Русский роман. Первый эпилог

Первый эпилог

Встреча в пряничном городке


Возле дома пастора служанка в подоткнутой юбке терла щеткой плоские камни, которыми был вымощен тротуар. Сегодня она это делала позже обычного из-за дождя, что только час как кончился. Булыжники и без того были чище, чем тарелки в ином трактире, и зачем, казалось бы, их надраивать, но если бы люди делали только то, что действительно необходимо, то вскоре перестали бы понимать, зачем делать все остальное. Тогда беда. Ведь того, что лично тебе не нужно, но почему-то приходится делать, гораздо больше необходимого. И кто тогда будет всем этим заниматься вместо тебя? Ну не пастор же, и не его фрау.

Все эти мысли были написаны на лице служанки. В ее мире, подчиненном шаблонам, не было места страстям и сложным чувствам. Любое отступление от общепринятого воспринималось ею как ниспровержение основ. Потому она так враждебно оглядела молодого человека самой приятной наружности, что неспешно прошел мимо, сойдя на проезжую часть дороги.

«Не иначе, как французик какой-то, — подумала прислуга. – Ишь какой волосатый…»

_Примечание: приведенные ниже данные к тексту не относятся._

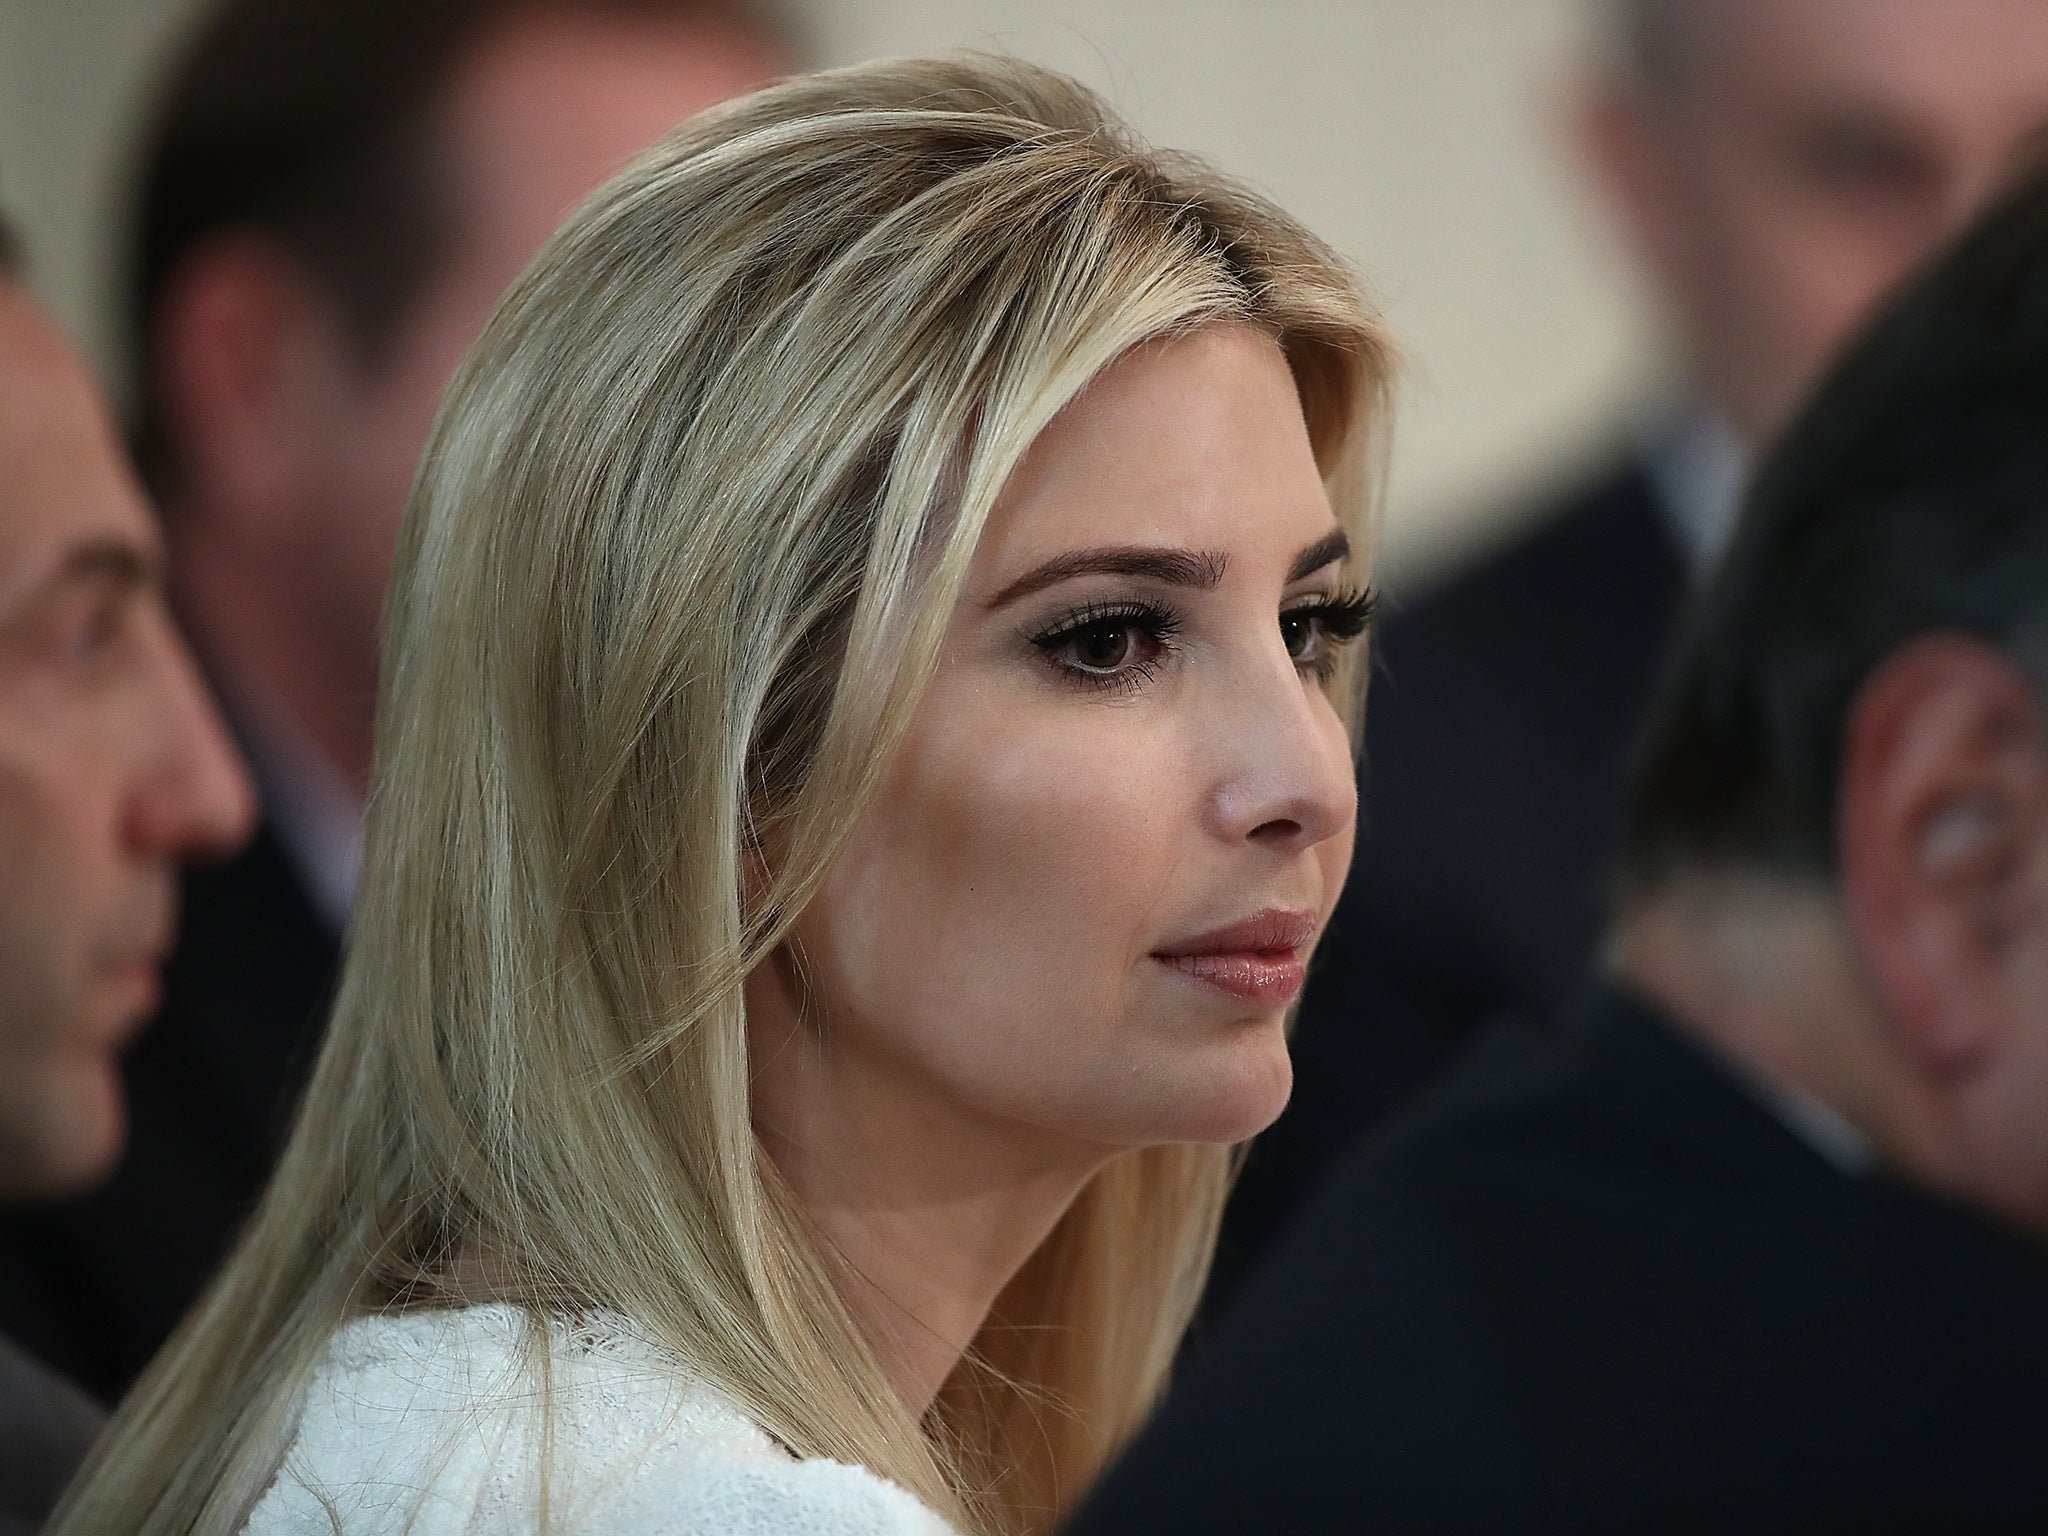 Ms Trump reportedly made recommendations for what should be said in her father's address during a brainstorming session in the Oval Office on Sunday

Свою шляпу, широкий боливар, этот прохожий держал в опущенной вниз руке, бледное его лицо было открыто ветру, и служанка испуганно замерла, заглянув в карие глаза. И еще долго, пока он не свернул за церковью направо, презрительно смотрела ему вслед, на широкие плечи и прямые русые волосы, излишне длинные, чтобы их одобрил пастор. Почему его плащ не застегнут? И зачем он сошел с тротуара? Солидный господин ни за что не стал бы так делать, а прошагал бы по помытому, будто не заметив; и глаза его совершенно по-другому посмотрели на нее, не так, как положено – со спесью и равнодушием; а так, как он, глядят на прислугу слабые люди, не имеющие верного представления о жизни.

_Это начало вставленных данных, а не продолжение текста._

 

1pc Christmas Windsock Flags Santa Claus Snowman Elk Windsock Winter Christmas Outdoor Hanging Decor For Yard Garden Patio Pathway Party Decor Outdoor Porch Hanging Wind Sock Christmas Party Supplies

Молодой человек тем временем привычно вошел в узкую темную улицу. Здесь не было фонарей и конец ее терялся за поворотом.

Чем дальше от Ратушной площади, тем острее становились булыжники под его ногами, тем тише и покойнее становилось вокруг. И слышалось только, как невдалеке, в особняке напротив биржи, выводит мелодию виолончель. Мотивчик вроде как нежный и трогательный, но у этих нежности и трогательности было бы больше шансов хоть как-то себя выказать, если бы державшая смычок рука упражнялась на виолончели и чаще и дольше.

Домики причудливого вида с чуть светящимися в сумраке белыми фасадами примыкали к глухим высоким стенам. Дело шло к вечеру и почти все окна были плотно закрыты ставнями; лишь из некоторых падали на мостовую узкие колеблющиеся лучи, исходившие от стоящих на сквозняке свечей.

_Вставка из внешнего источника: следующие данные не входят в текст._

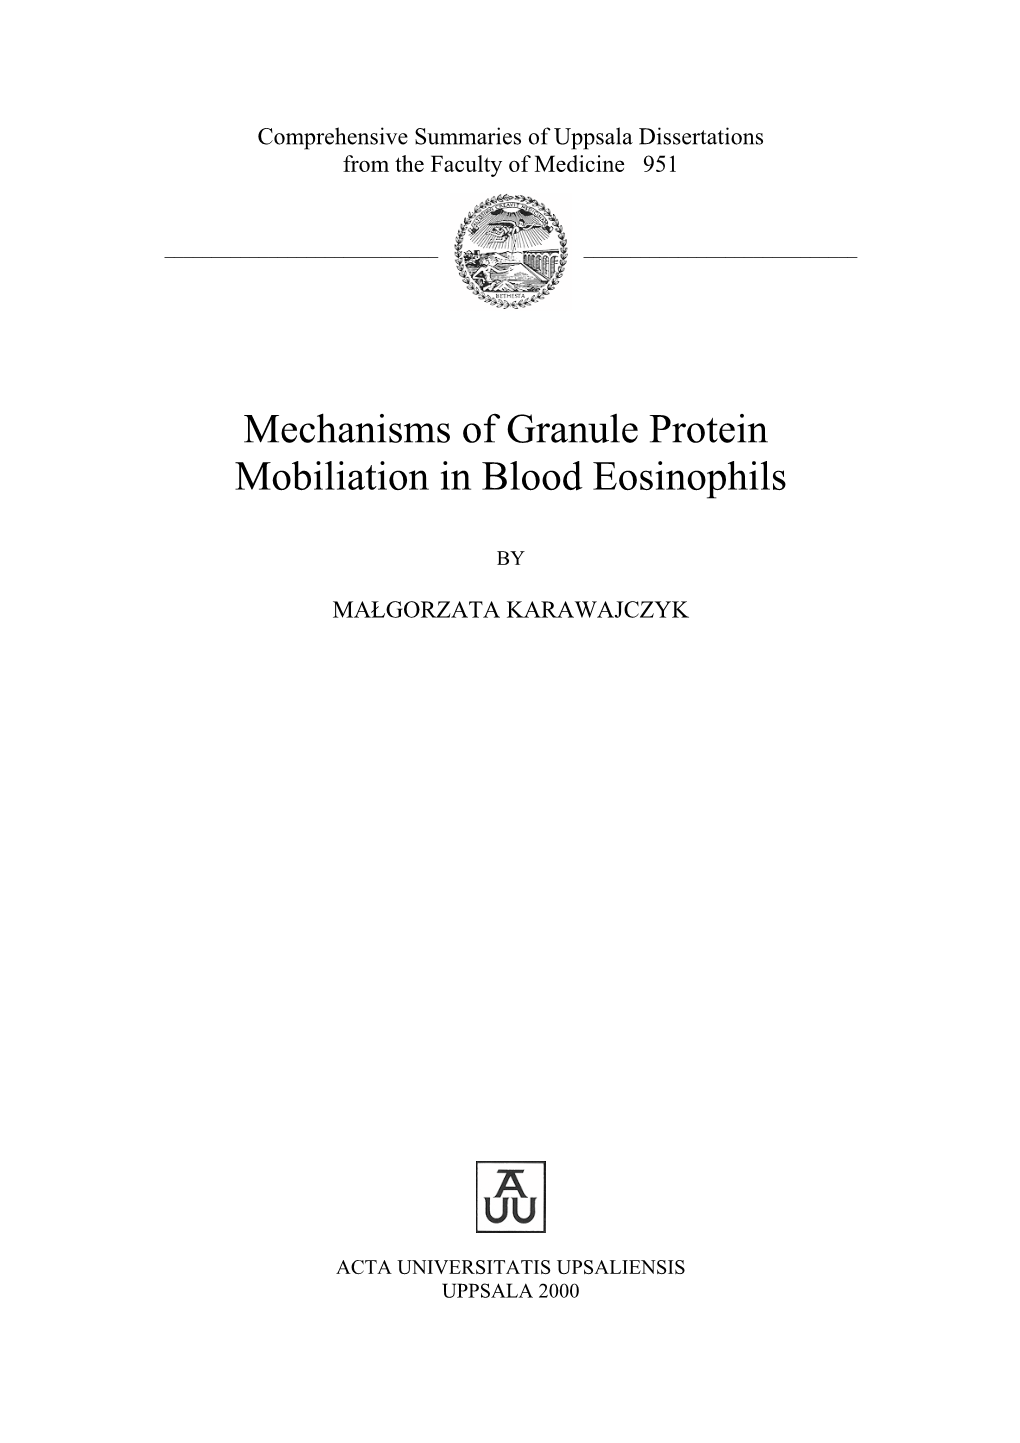 Mechanisms of Granule Protein Mobiliation in Blood Eosinophils

Каждый дом имел свое лицо. Один, мимо которого как раз проходил этот француз, был украшен изящной башенкой, на фронтоне дома напротив застыли в немой мольбе позолоченные деревянные фигуры святых. Крутые скаты черепичных крыш венчали диковинные флюгера — рыбы и петухи, флажки и стрелы. В сумраке проступали львиные морды на медных дверных кольцах; над воротами видны были известняковые плиты с истертыми временем библейскими сюжетами.

Когда видишь такое, то думаешь, что это останется с тобой навсегда. Но на всю эту красоту посмотрев и пройдя после того несколько десятков шагов, француз – или кто он там? — тут же забывал всё, что оставалось позади.

Внимание молодого человека привлек портал с выбитой поверху датой, единицей и тремя шестерками. Он как будто не в первый раз видел эту резьбу по камню и кованую дверную ручку в виде морского змея, но снова поразился не столько искусству мастера, сколько стремлению местных жителей выставлять напоказ свой достаток.

За этим домом улица делала поворот и начинался спуск, в конце которого, под мощной крепостной стеной, подпирая ее своим хребтом, расположилось приземистое строение почтовой станции. Двухэтажный дом и примыкающую к нему конюшню окружал невысокий забор, образующий просторный двор. У ворот дорога разветвлялась и шла дальше, на широкий мост через поднявшуюся после недель проливных ливней реку, за которой видна была еще одна крепость.

В этом пряничном городке молодой француз провел уже месяца два и много раз обошел его весь.

Иногда ранним утром гулял он по городской набережной. Медленно тающий туман и с громким плеском резвящиеся рыбы делали реку в этот час похожей на магическое варево, кипящее меж двух крепостей. Серые стены и там и там, но на одном берегу они были мягких, округлых форм, с другой же состояла крепость из жестких углов и ребер. У того, кто эти древние громады осматривал с променада, создавалось одновременно ощущение и взаимодополняющего контраста, и гармонии. Но гармонии отстраненной, лишенной жизни. Потому порою, когда у берега резвилась выдра, француз подолгу следил за ее баловством. А у подошвы одной из крепостей, на отмели, можно было увидеть серых цапель, очень рано вернувшихся с юга в этом году; и когда выбирали они для охоты мелководье внутри городской черты, то молодой человек, дабы отвлечься от своих тревожных дум, мог следить за ними часами напролет.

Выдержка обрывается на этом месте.